Pulmonary hypertension (PH) complicating systemic sclerosis (SSc)-related interstitial lung disease (ILD) is usually associated with a poor prognosis. However, data are either lacking or scarce on prognostic factors in this condition. The objectives of this study were to compare the survival of patients with ILD-associated PH (PH-ILD) or pulmonary arterial hypertension (PAH) and to determine whether the severity of PH has prognostic value in SSc-associated PH-ILD.
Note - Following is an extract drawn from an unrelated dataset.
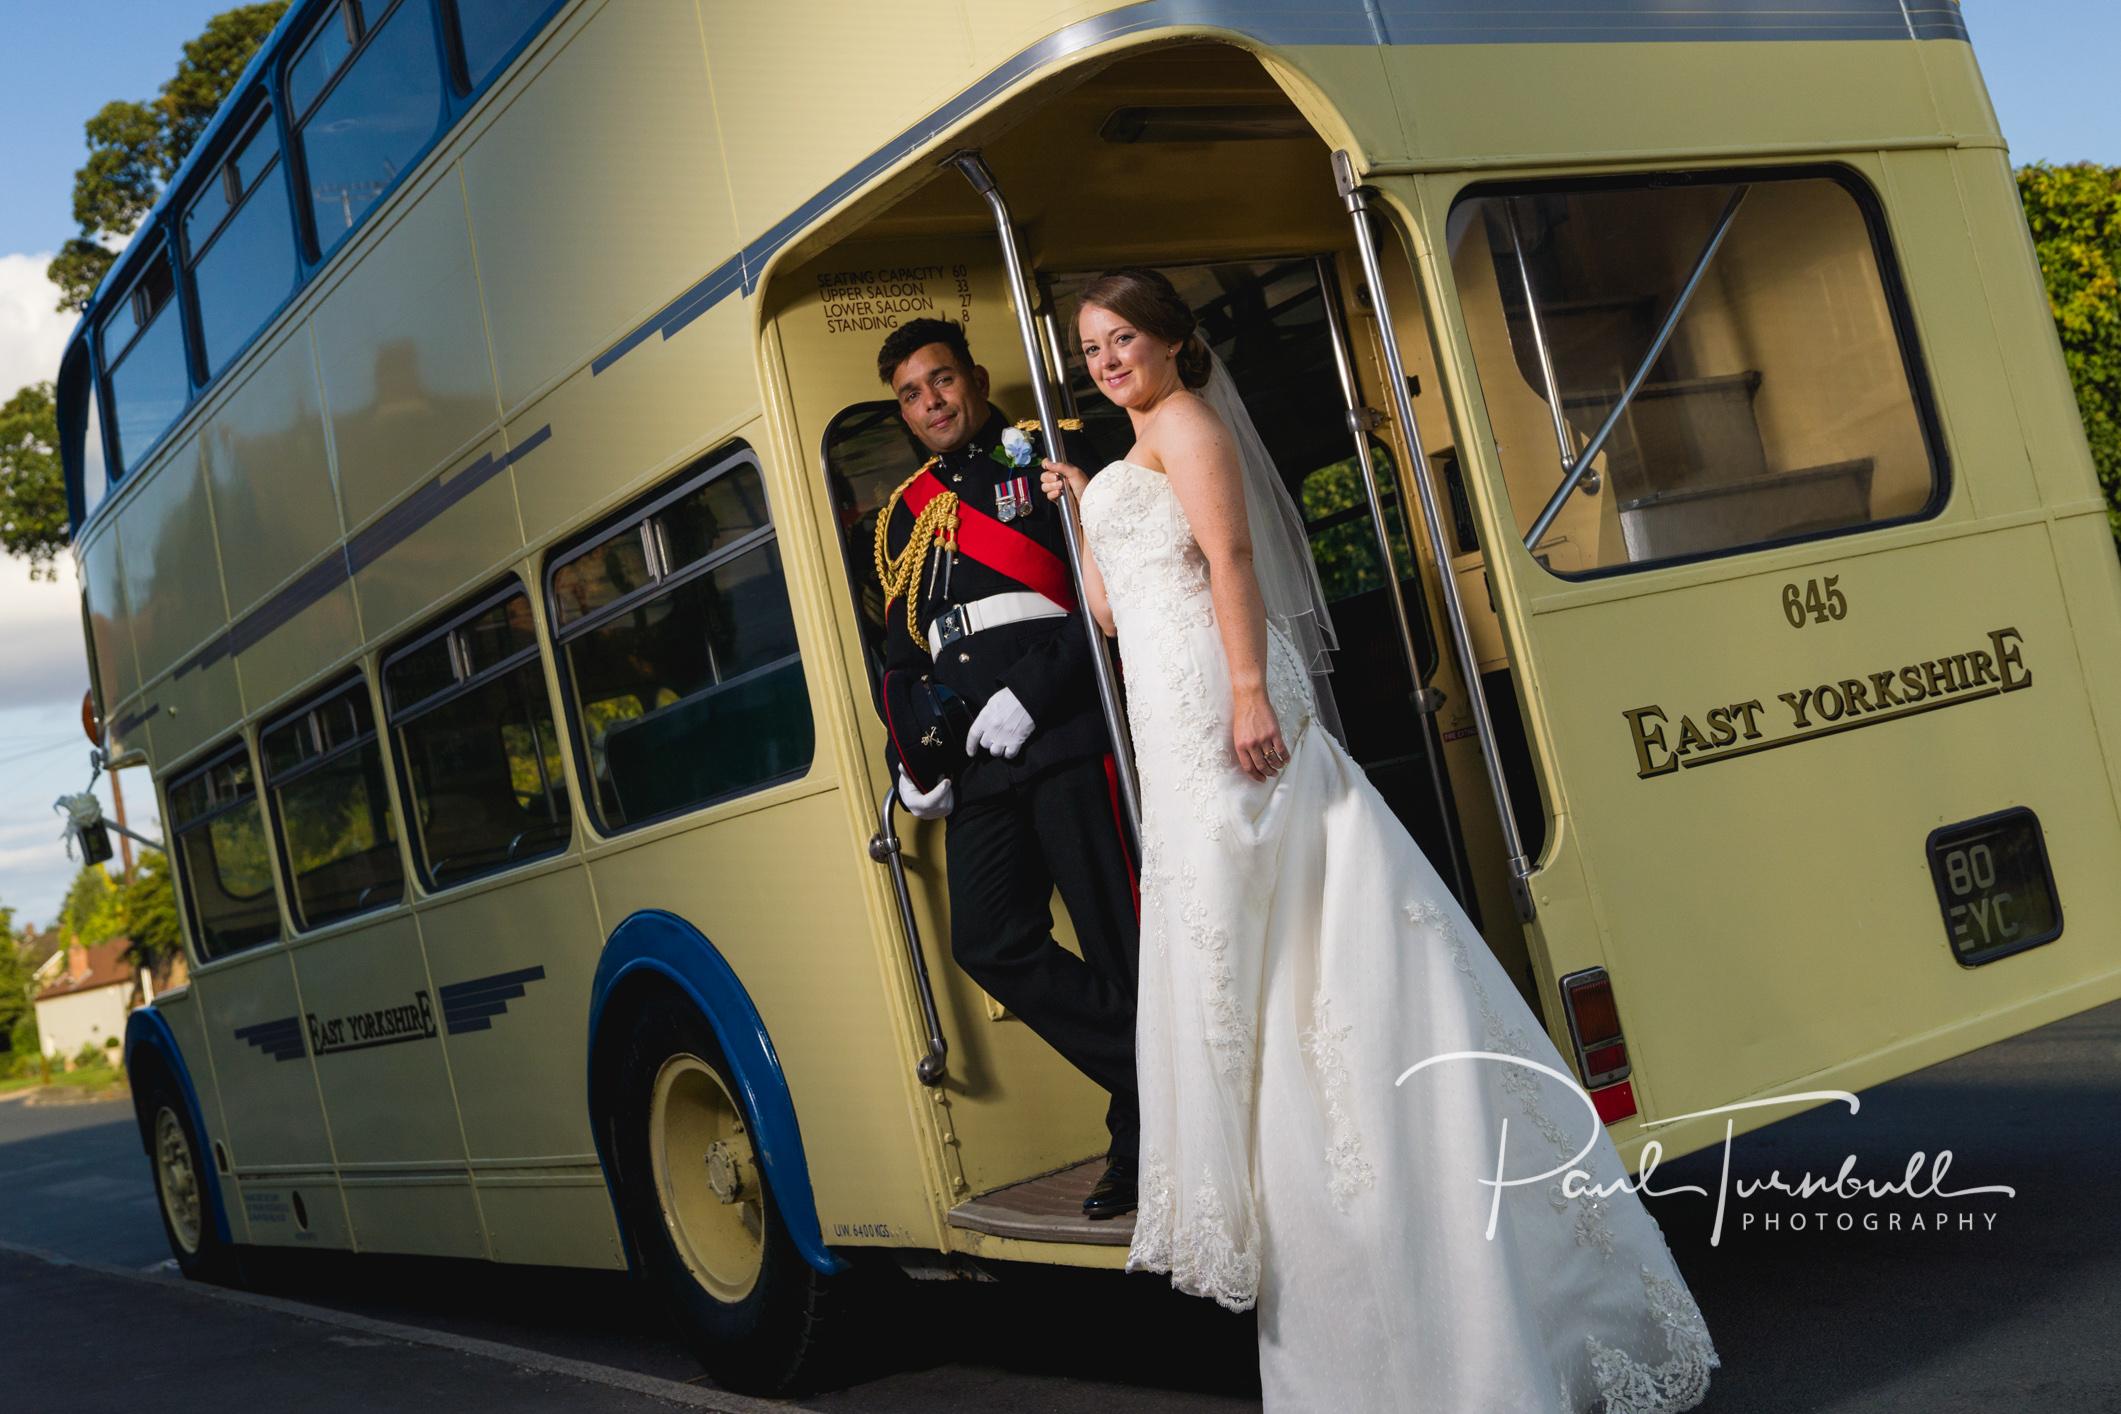 wedding-photographer-south-dalton-walkington-yorkshire-emma-james-071.jpg

Consecutive patients with SSc and PH-ILD (n = 47) or PAH (n = 50) confirmed by right-sided heart catheterization were included in a cross-sectional analysis. PH was classified as mild (mean pulmonary arterial pressure [mPAP] ≤ 35 mm Hg) or moderate to severe (mPAP > 35 mm Hg).
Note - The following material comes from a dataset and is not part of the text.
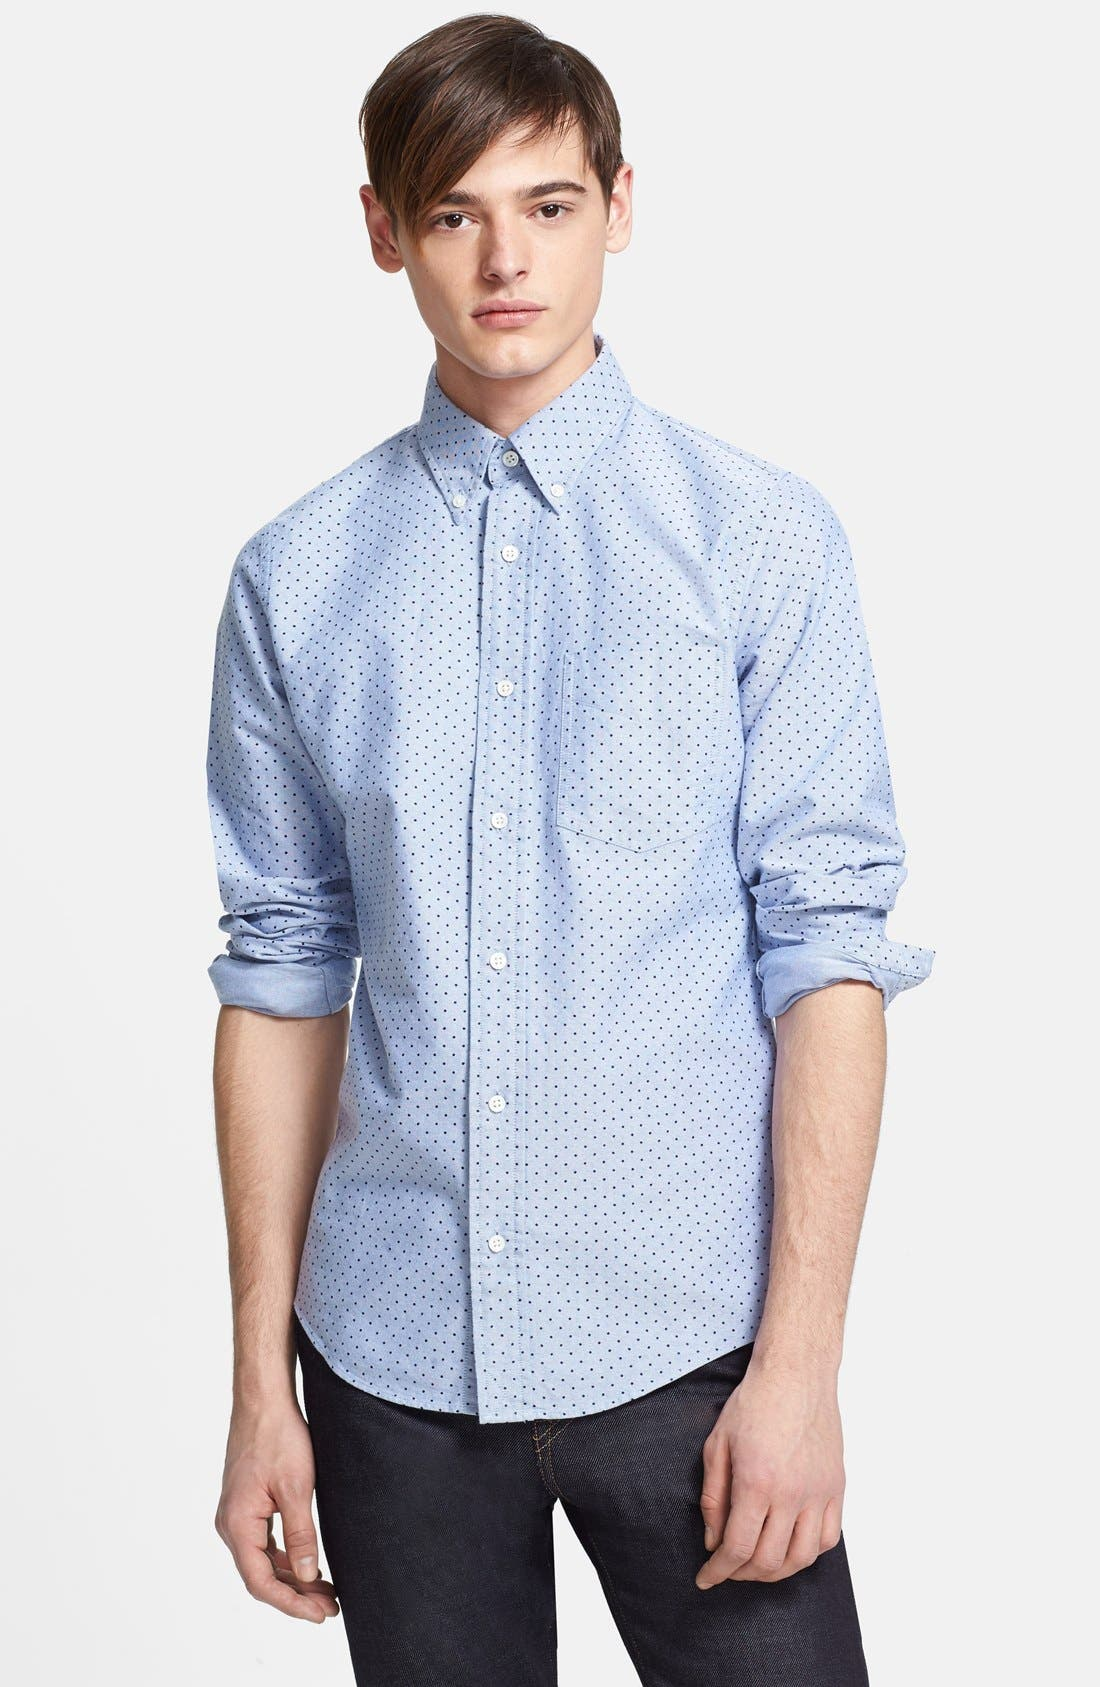 Alternate Image 1 Selected - Jack Spade 'Taylor' Dot Woven Oxford Sport Shirt

As compared with patients with PAH, subjects with PH-ILD were younger, were more frequently men with a history of smoking, had more frequently diffuse SSc, less frequently anticentromere antibodies, and a lower FVC/diffusing capacity of lung for carbon monoxide (DLCO) ratio. They had a worse prognosis than patients with PAH (3-year survival of 47% vs 71%, respectively; P = .07). Patients with mild PH-ILD had similar poor outcomes when compared with those with moderate to severe PH-ILD. Pericardial effusion (hazard ratio [HR], 2.44; P = .04) and lower DLCO (HR, 0.96; P = .01) were the only independent factors predictive of a poor survival in the PH-ILD group.
Patients with SSc with PH-ILD had a different phenotype and a worse prognosis than those with SSc and PAH. Lower DLCO and presence of pericardial effusion were predictive of a poor outcome in PH-ILD, whereas mPAP seemed to have no prognostic significance.